AIM OF THE EXERCISE: Without including any pictures, write out the listing below exactly.

INFORMATION SHOWN:
..........

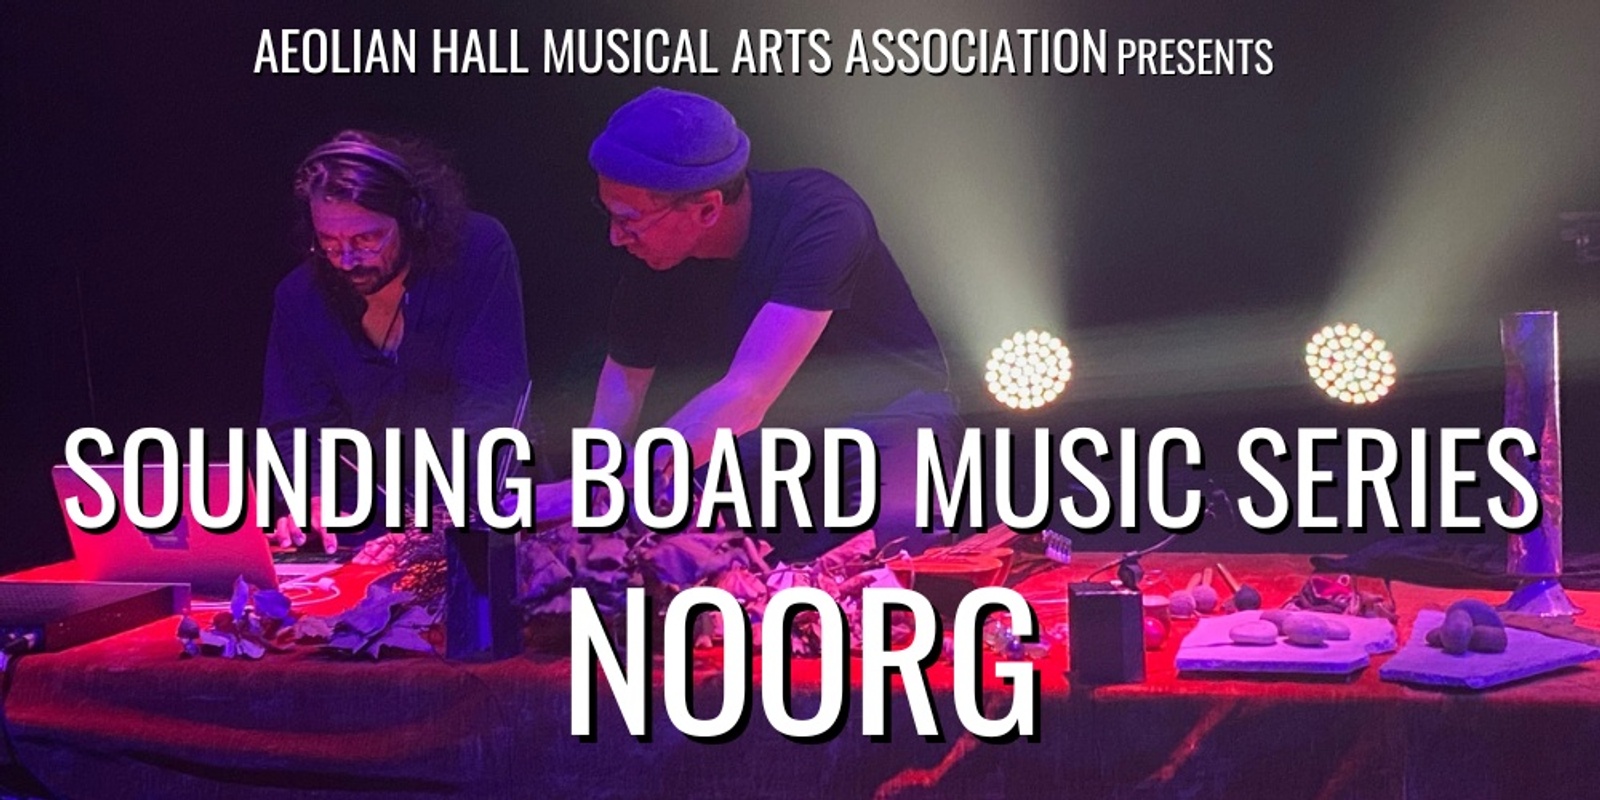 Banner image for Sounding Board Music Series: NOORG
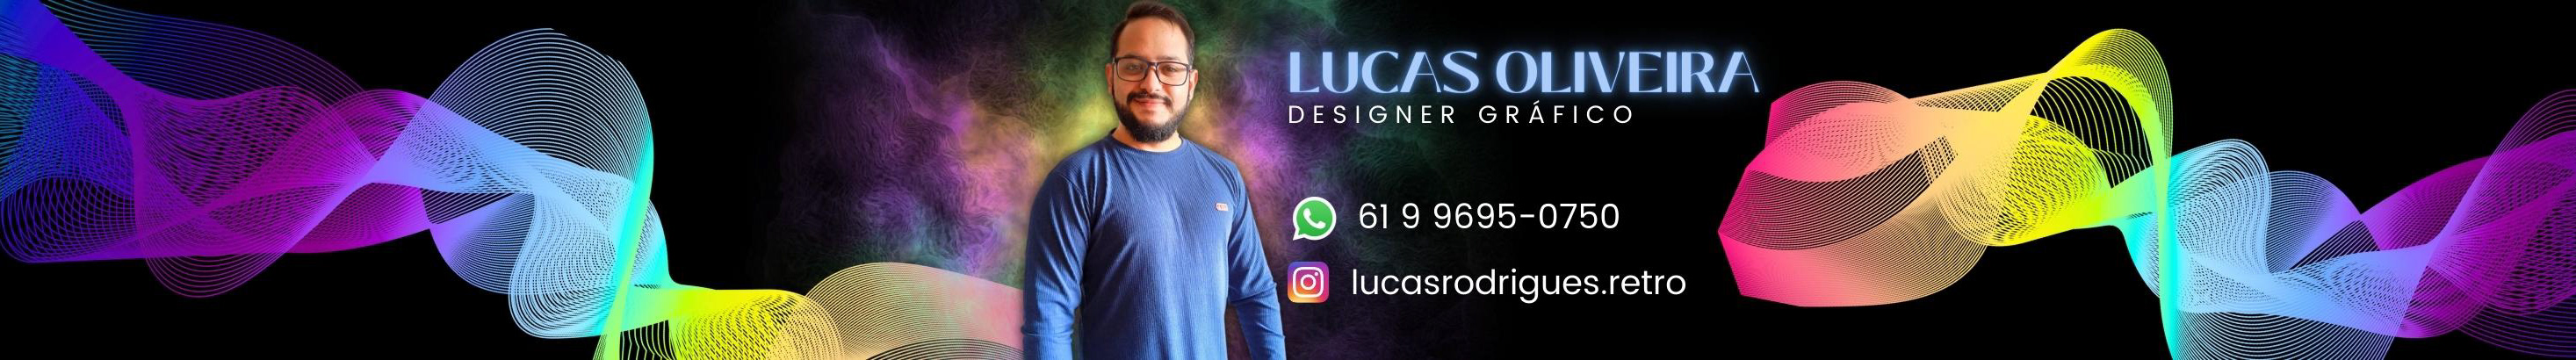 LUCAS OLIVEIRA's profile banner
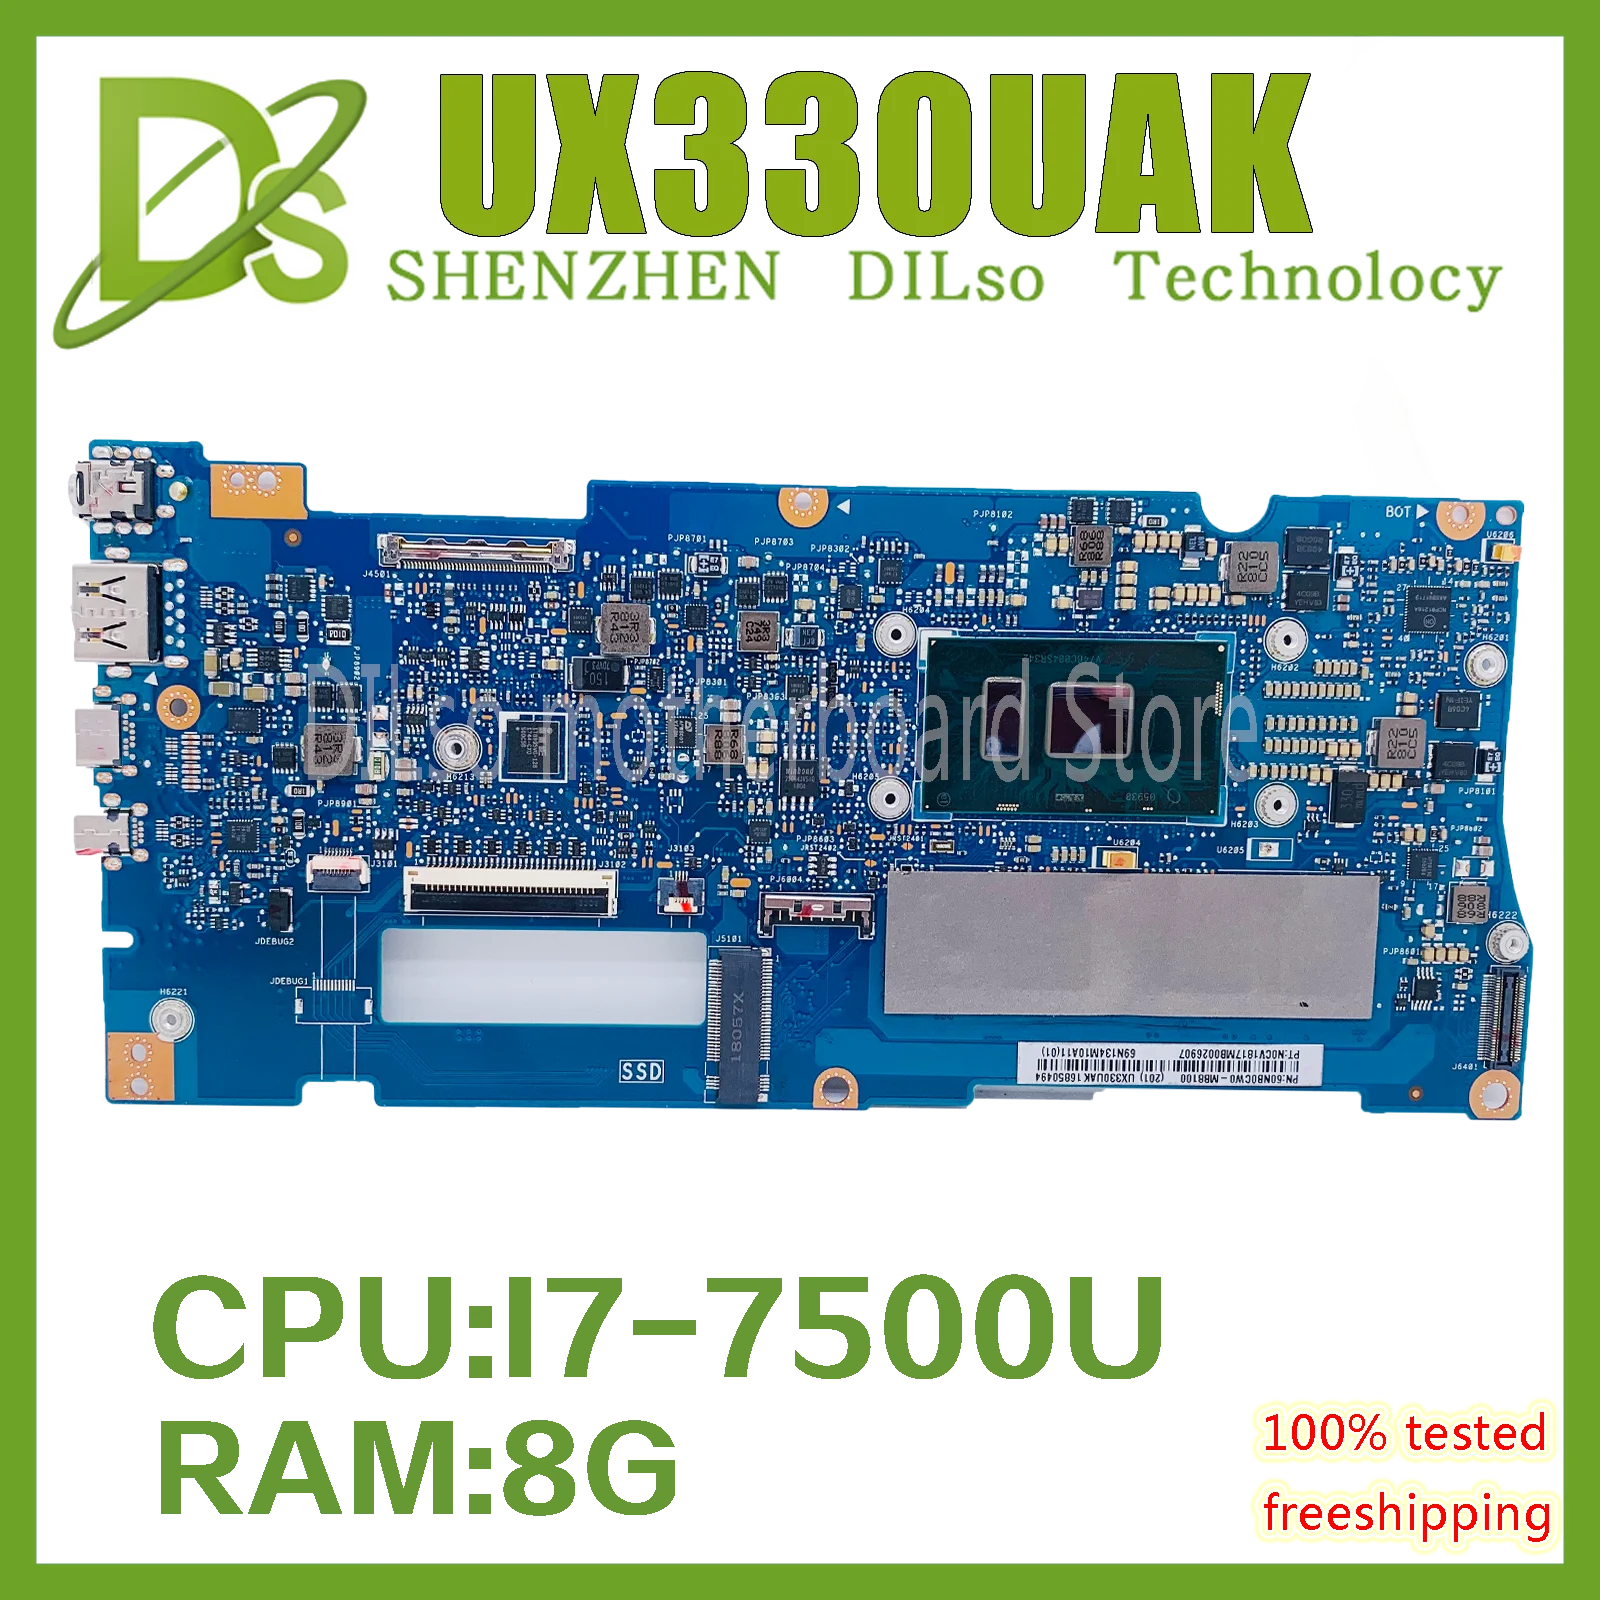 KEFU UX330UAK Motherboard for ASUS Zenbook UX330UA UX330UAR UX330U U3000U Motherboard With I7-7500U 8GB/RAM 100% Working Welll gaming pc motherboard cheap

..........

RESULT:
 Banner image for Sounding Board Music Series: NOORG
 LUCAS OLIVEIRA's profile banner
 KEFU UX330UAK Motherboard for ASUS Zenbook UX330UA UX330UAR UX330U U3000U Motherboard With I7-7500U 8GB/RAM 100% Working Welll gaming pc motherboard cheap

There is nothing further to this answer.